Re: [PATCH v7 1/4] PCI: Introduce pcim_alloc_irq_vectors()

From: Andy Shevchenko
Date: Thu Jun 17 2021 - 09:20:26 EST


Dejin, why Christoph's email suddenly disappeared during updating?

On Wed, Jun 16, 2021 at 02:25:43PM -0500, Bjorn Helgaas wrote:
> On Fri, Jun 11, 2021 at 12:37:22PM +0300, Andy Shevchenko wrote:
> > On Thu, Jun 10, 2021 at 05:41:43PM -0500, Bjorn Helgaas wrote:
> > > On Mon, Jun 07, 2021 at 11:39:13PM +0800, Dejin Zheng wrote:
> > > > Introduce pcim_alloc_irq_vectors(), a device-managed version of
> > > > pci_alloc_irq_vectors(). Introducing this function can simplify
> > > > the error handling path in many drivers.
> > > >
> > > > And use pci_free_irq_vectors() to replace some code in pcim_release(),
> > > > they are equivalent, and no functional change. It is more explicit
> > > > that pcim_alloc_irq_vectors() is a device-managed function.
> >
> > ...
> >
> > > > @@ -1989,10 +1989,7 @@ static void pcim_release(struct device *gendev, void *res)
> > > > struct pci_devres *this = res;
> > > > int i;
> > > >
> > > > - if (dev->msi_enabled)
> > > > - pci_disable_msi(dev);
> > > > - if (dev->msix_enabled)
> > > > - pci_disable_msix(dev);
> > > > + pci_free_irq_vectors(dev);
> > >
> > > If I understand correctly, this hunk is a nice simplification, but
> > > actually has nothing to do with making pcim_alloc_irq_vectors(). I
> > > have it split to a separate patch in my local tree. Or am I wrong
> > > about that?
> >
> > It's a good simplification that had to be done when pci_free_irq_vectors()
> > appeared.
>
> Sorry to be pedantic. You say the simplification "had to be done,"
> but AFAICT there was no actual *requirement* for this simplification
> to be done since pci_free_irq_vectors() is functionally identical to
> the previous code.
> I think we should do it because it's a little
> simpler, but not because it *fixes* anything.

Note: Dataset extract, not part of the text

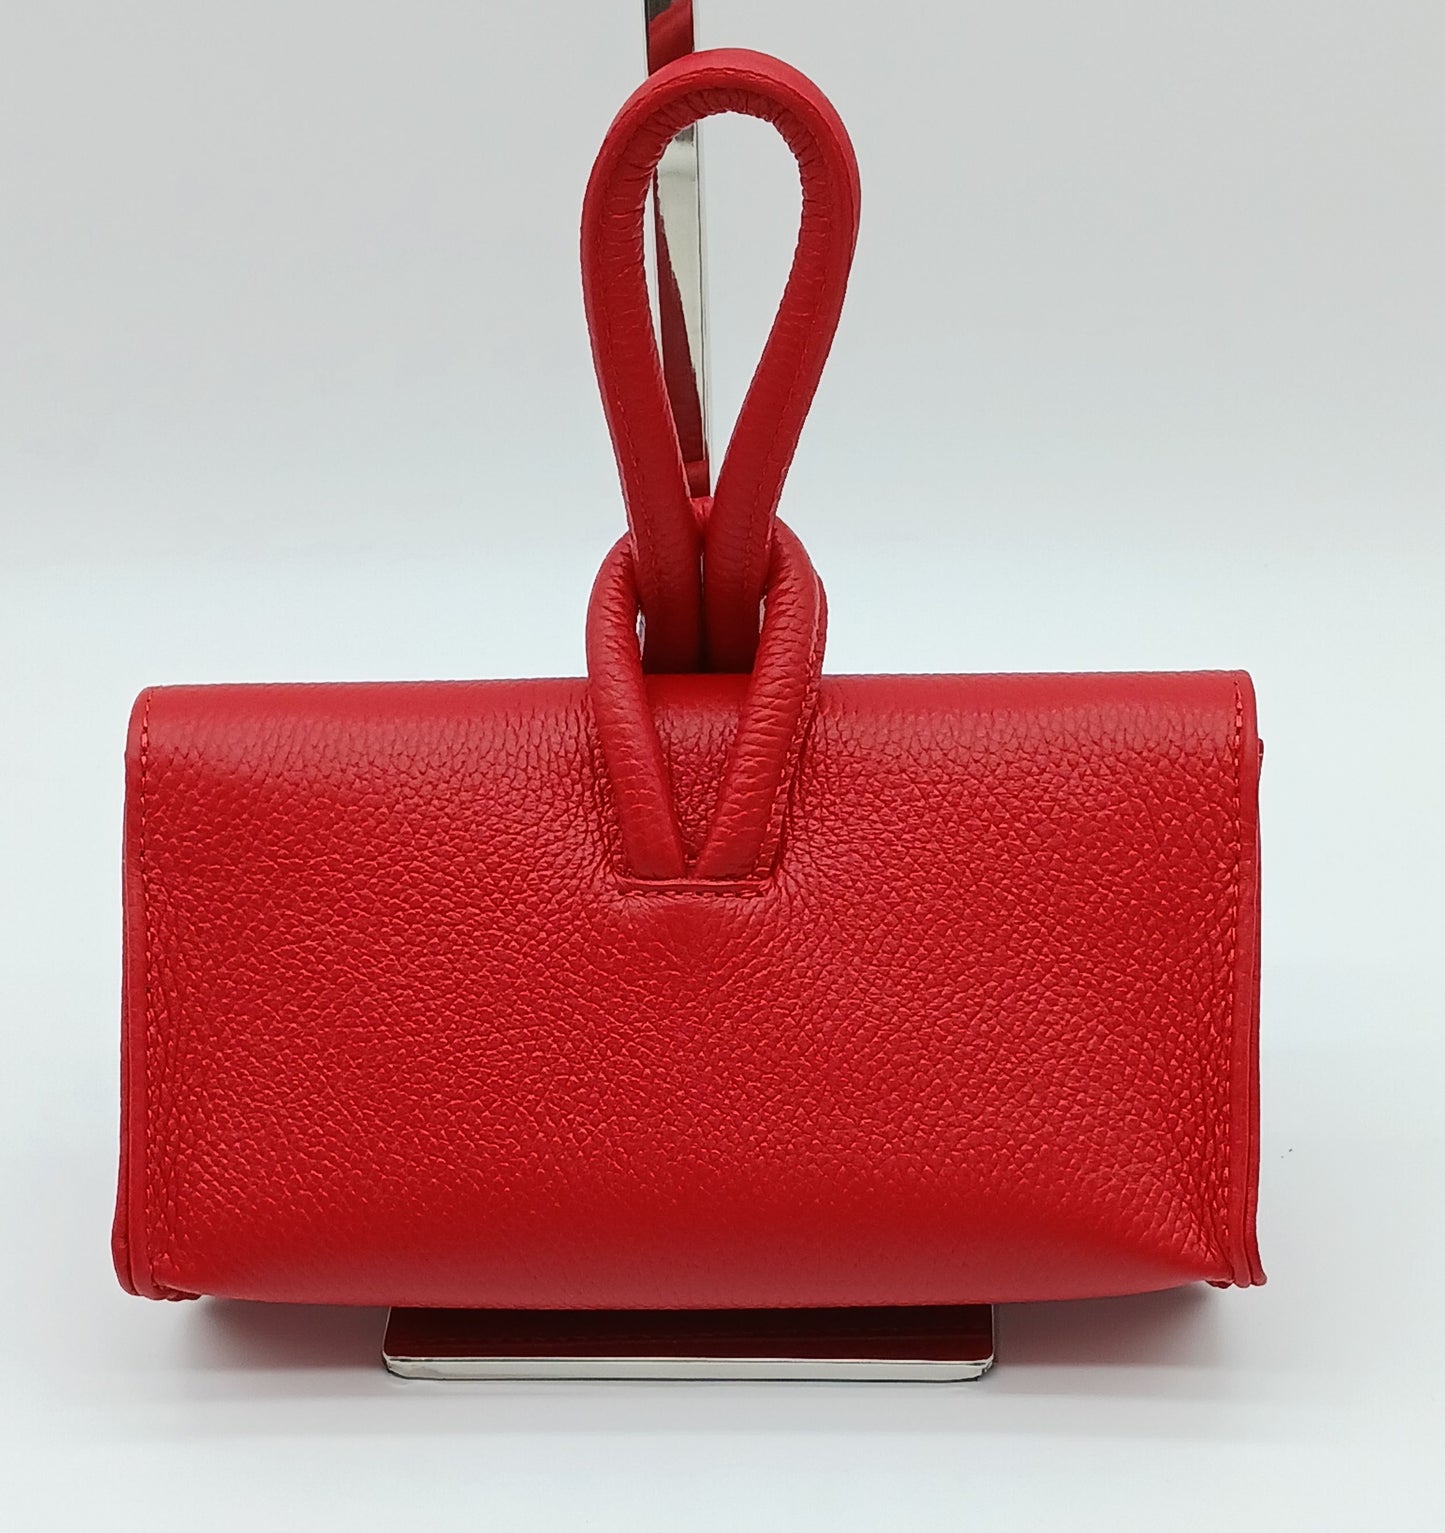 Genuine Pebble Leather Crossbody Handbag - Red – Made In Italy - DumasvilleBoutique
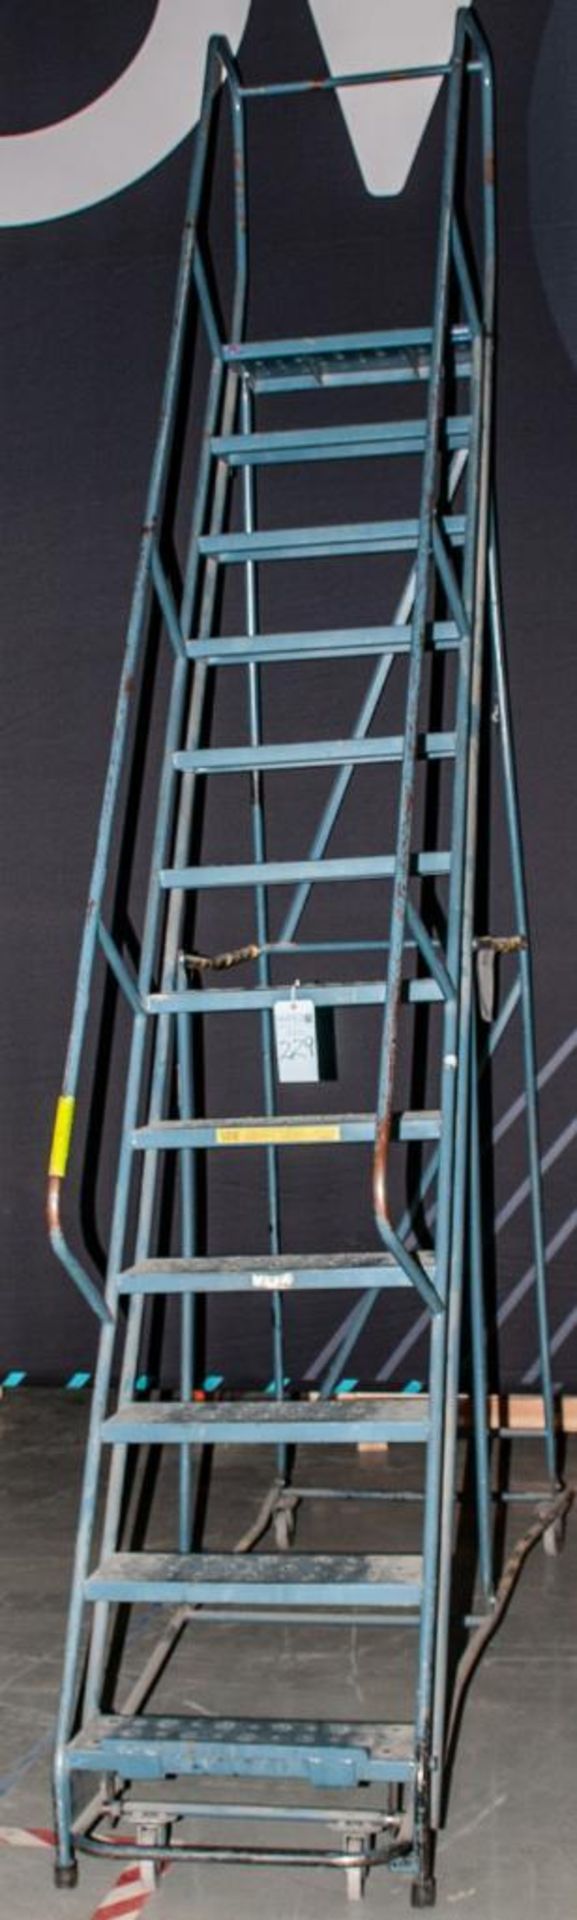 12' Steel Stock Ladder

It makes things more straightforward. So it definitely "fixes" something, but
not the code in this case, rather how we maintain this code.

> > But here is the fact that indirectly it's related to the pcim_*()
> > APIs, i.e. pcim_alloc_irq_vectors(), because you may noticed this is inside
> > pcim_release().
>
> Yes. For posterity, my notes about the call chain (after applying
> this patch):
>
> pci_alloc_irq_vectors
> pci_alloc_irq_vectors_affinity
> __pci_enable_msix_range # MSI-X path
> __pci_enable_msix
> msix_capability_init
> msix_setup_entries
> for (...)
> entry = alloc_msi_entry
> kzalloc(msi_desc) <--- alloc
> kmemdup(msi_desc->affinity) <--- alloc
> dev->msix_enabled = 1 # MSI-X enabled
> __pci_enable_msi_range # MSI path
> msi_capability_init
> msi_setup_entry
> alloc_msi_entry <--- alloc
> dev->msi_enabled = 1 # MSI enabled
>
> pcim_release
> pci_free_irq_vectors
> pci_disable_msix # MSI-X
> if (!dev->msix_enabled)
> return
> pci_msix_shutdown
> dev->msix_enabled = 0 # MSI-X disabled
> free_msi_irqs
> list_for_each_entry_safe(..., msi_list, ...)
> free_msi_entry
> kfree(msi_desc->affinity) <--- free
> kfree(msi_desc) <--- free
> pci_disable_msi # MSI
> if (!dev->msi_enabled)
> return
> pci_msi_shutdown
> dev->msi_enabled = 0 # MSI disabled
> free_msi_irqs <--- free
>
> So I *think* (correct me if I'm wrong):
>
> - If a driver calls pcim_enable_device(), we will call
> pcim_release() when the last reference to the device is dropped.
>
> - pci_alloc_irq_vectors() allocates msi_desc and irq_affinity_desc
> structures via msix_setup_entries() or msi_setup_entry().
>
> - pcim_release() will free those msi_desc and irq_affinity_desc
> structures.
>
> - Even before this series, pcim_release() frees msi_desc and
> irq_affinity_desc structures by calling pci_disable_msi() and
> pci_disable_msix().
>
> - Calling pci_free_irq_vectors() (or pci_disable_msi() or
> pci_disable_msix()) twice is unnecessary but probably harmless
> because they bail out early.

> So this series actually does not fix any problems whatsoever.

I tend to disagree.

The PCI managed API is currently inconsistent and what you got is what I
already know and had been using until (see below) Christoph told not to do [1].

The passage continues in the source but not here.